People of conscience spamming Texas informants stalking women

One of the most disturbing aspects of the bill is that it puts bounties on the heads of abortion providers, those who have the procedure, anyone who helps in the process. Texans who report people they believe have violated the law are eligible for a $10,000 payment if they’re convicted…

…Anti-abortion activist group Texas Right to Life, launched a website called that allows anyone to report those they believe have violated the new law…

Thousands of people on social media are fighting back against Texas Right to Life by spamming the site with so many fake tips that it would be impossible to act on any legitimate claims.

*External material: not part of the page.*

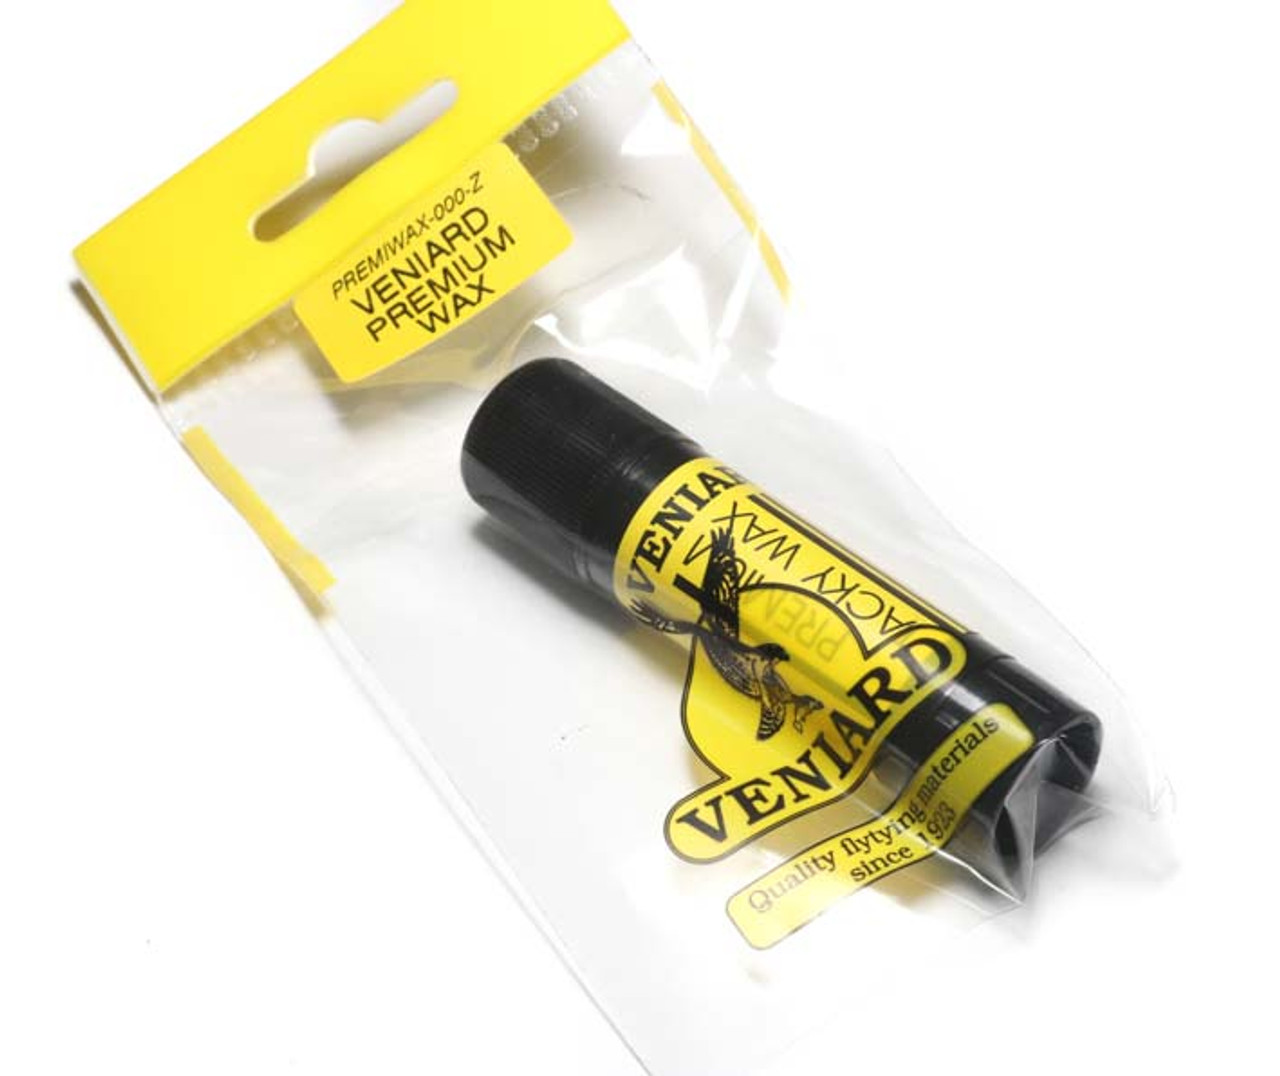 Veniard Premium Tacky Wax

There has been a robust discussion on Twitter about the best way to disrupt the whistleblower site. Some are bombarding the tip line with angry messages while others are making requests that appear real to misdirect those who are tasked with investigating potential violators.

Just click the link to get to this fightback article. Read it all. Learn about some of the methods and means folks of conscience and freedom use to respond to these 19th Century nutballs!

Thanks, UrsaRodinia

3 thoughts on “People of conscience spamming Texas informants stalking women

  1. Law & Order says:

    Attorney General Merrick B. Garland Delivers Remarks Announcing Lawsuit Against the State of Texas to Stop Unconstitutional Senate Bill 8 (Washington, DC, Thursday, September 9, 2021)
    “…The Act is clearly unconstitutional under longstanding Supreme Court precedent. Those precedents hold, in the words of Planned Parenthood v. Casey, that “[r]egardless of whether exceptions are made for particular circumstances, a State may not prohibit any woman from making the ultimate decision to terminate her pregnancy before viability.”
    Texas does not dispute that its statute violates Supreme Court precedent. Instead, the statute includes an unprecedented scheme to, in the Chief Justice’s words, “insulate the State from responsibility.”
    It does not rely on the State’s executive branch to enforce the law, as is the norm in Texas and everywhere else.
    Rather, the statute deputizes all private citizens – without any showing of personal connection or injury – to serve as bounty hunters, authorized to recover at least $10,000 per claim from individuals who facilitate a woman’s exercise of her constitutional rights.
    …This kind of scheme to nullify the Constitution of the United States is one that all Americans – whatever their politics or party – should fear. If it prevails, it may become a model for action in other areas, by other states, and with respect to other constitutional rights and judicial precedents.
    Nor need one think long or hard to realize the damage that would be done to our society if states were allowed to implement laws that empower any private individual to infringe on another’s constitutionally protected rights in this way.”